RECORDED DATA
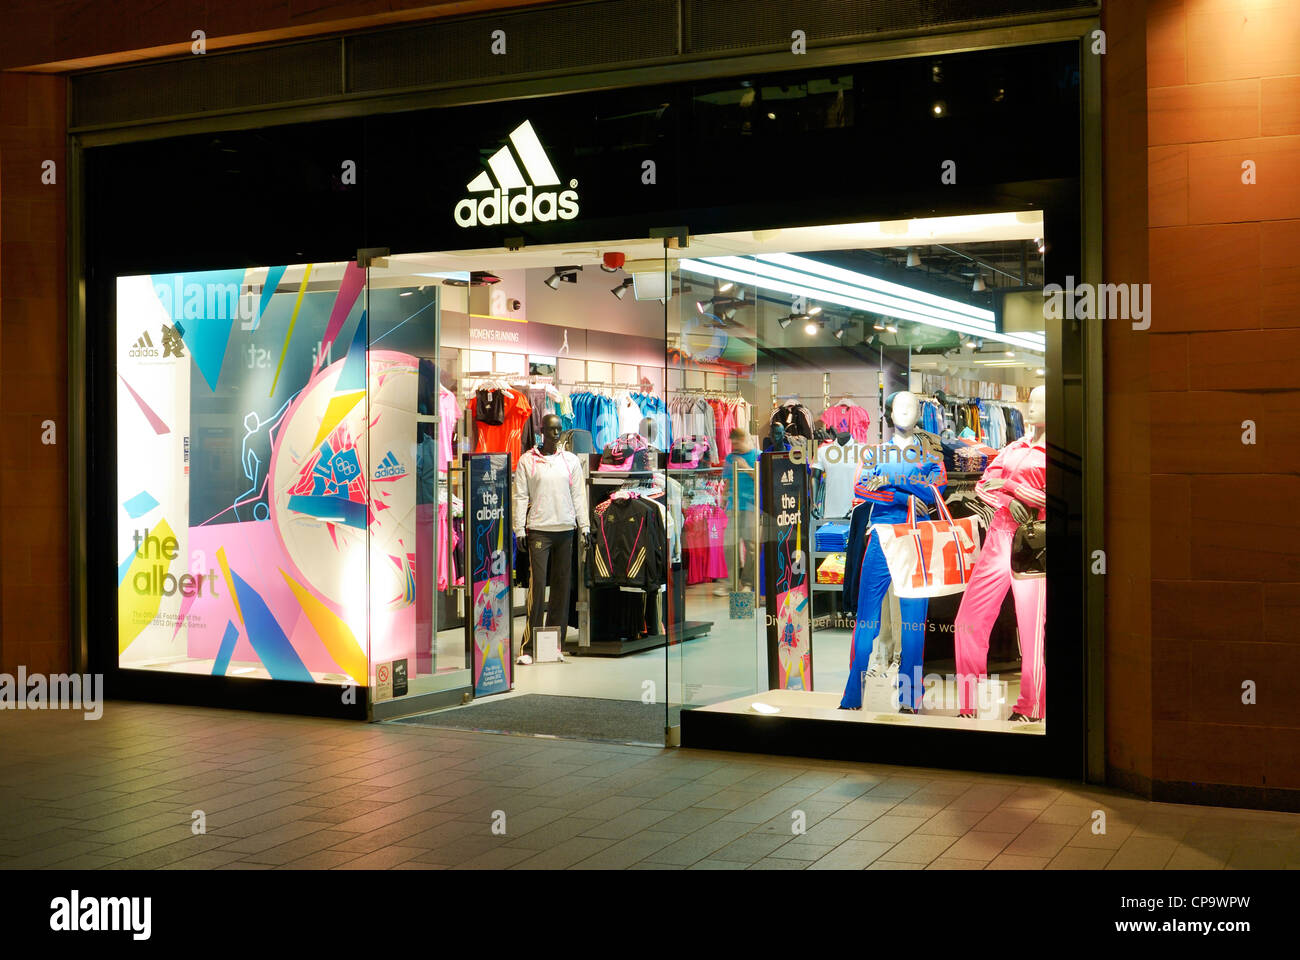 Adidas Shop Immagini e Fotos Stock - Alamy
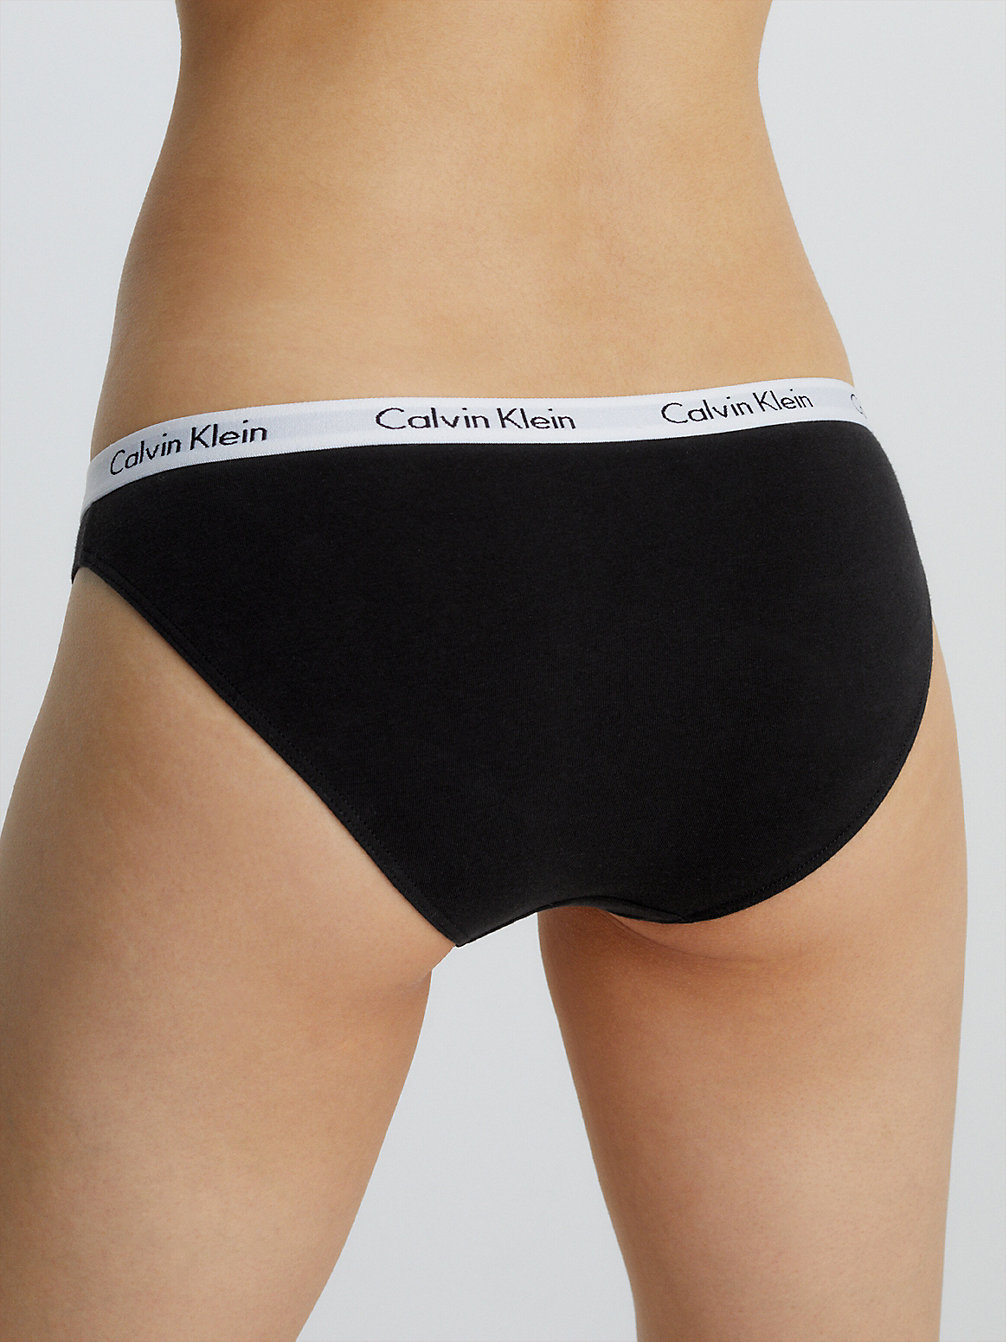 BLACK > Figi - Carousel > undefined Kobiety - Calvin Klein
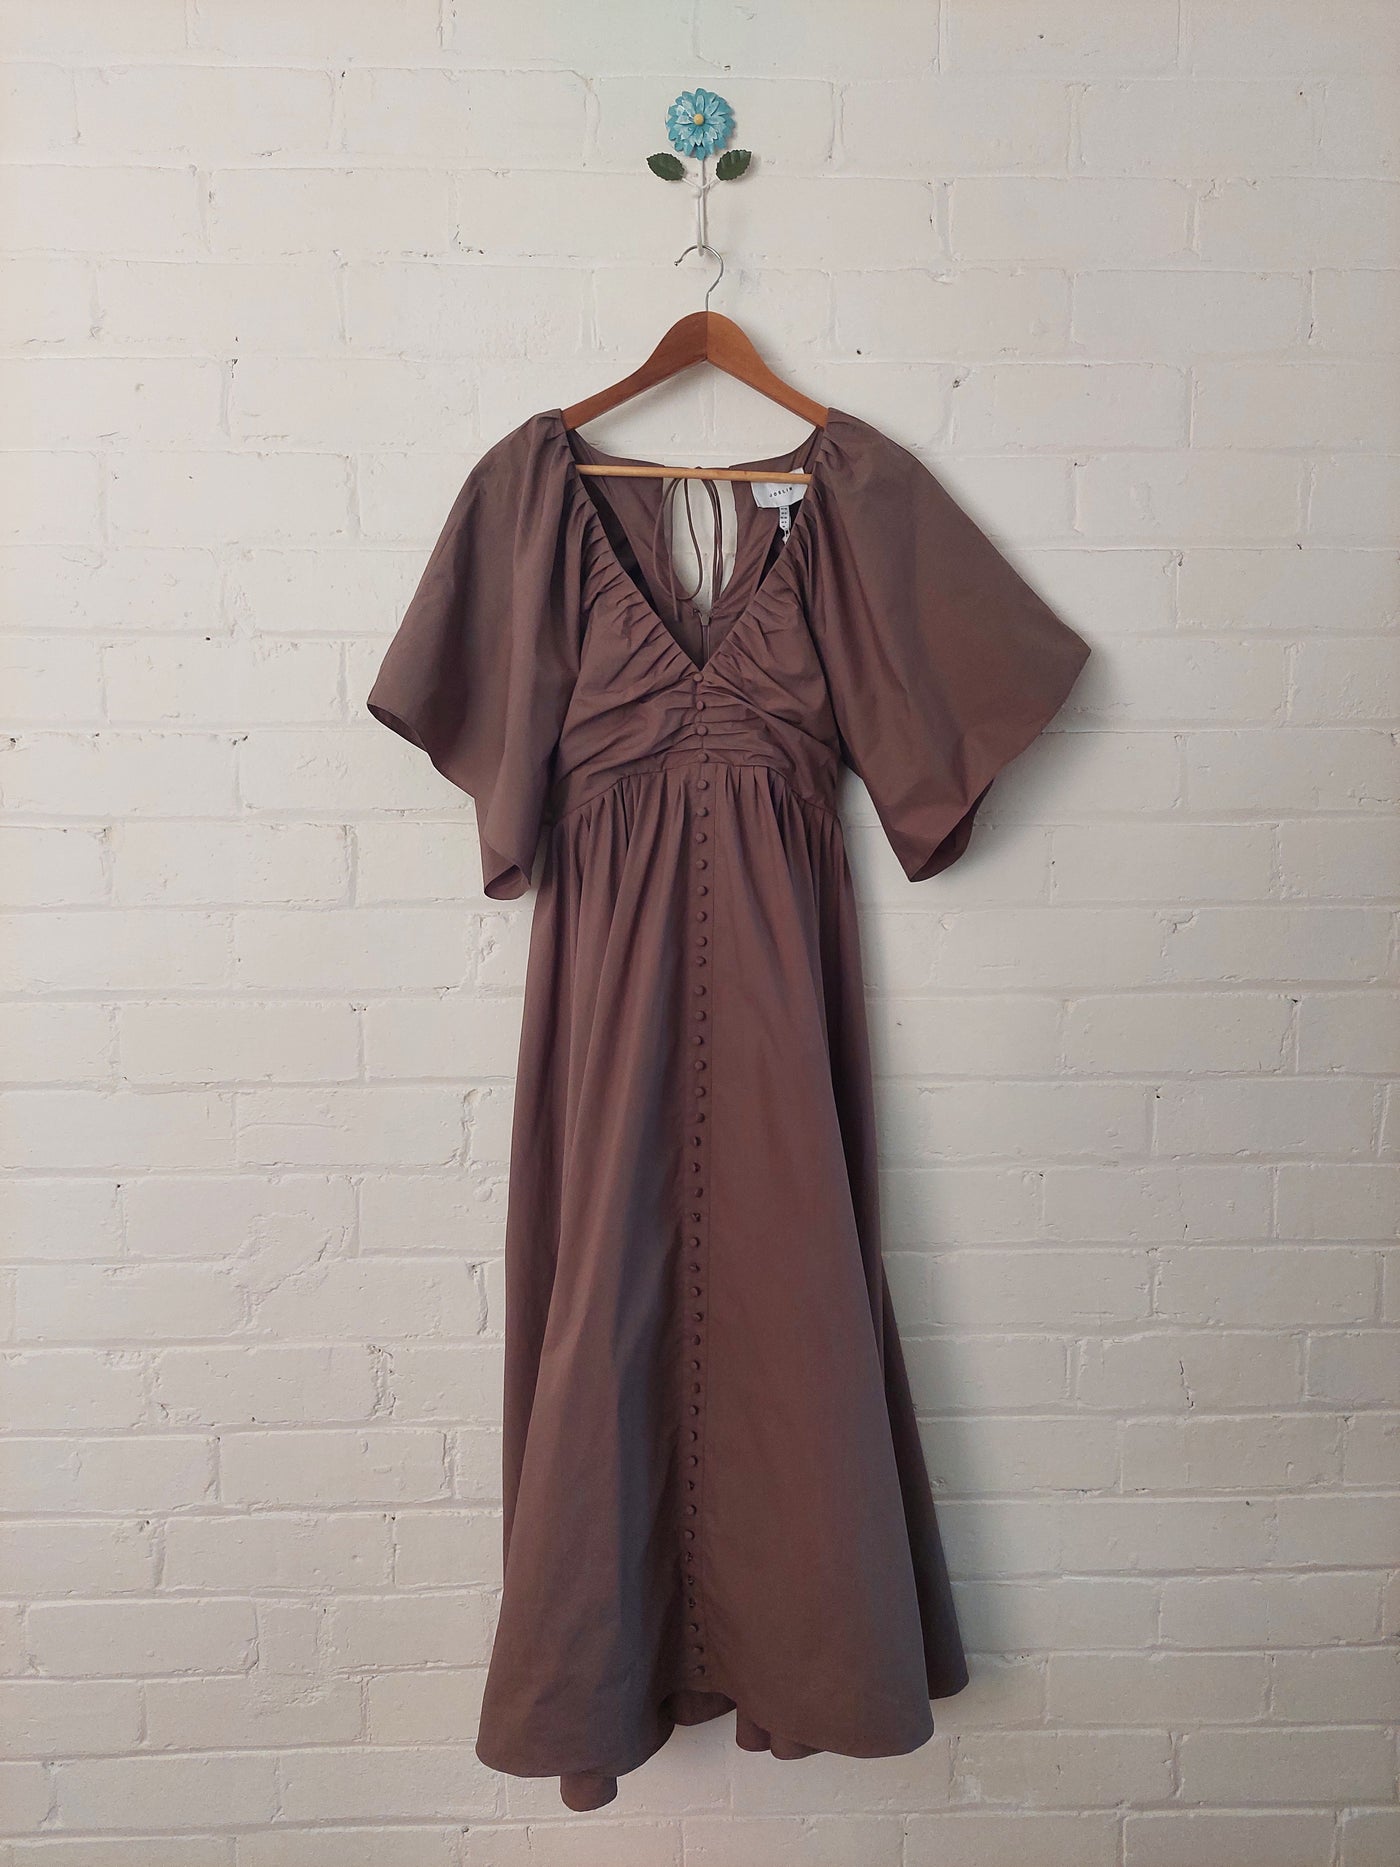 JOSLIN BNWT Sakura Organic Cotton Midi Dress - Hazelnut Brown, Size M (AU 10 / US 6)

REQUIRED WORK
Beginning with the line in which "BLACK > Figi" appears, repeat exactly each line down to the close of the material, leaving every picture out.

YOUR RESPONSE
 BLACK > Figi - Carousel > undefined Kobiety - Calvin Klein
 JOSLIN BNWT Sakura Organic Cotton Midi Dress - Hazelnut Brown, Size M (AU 10 / US 6)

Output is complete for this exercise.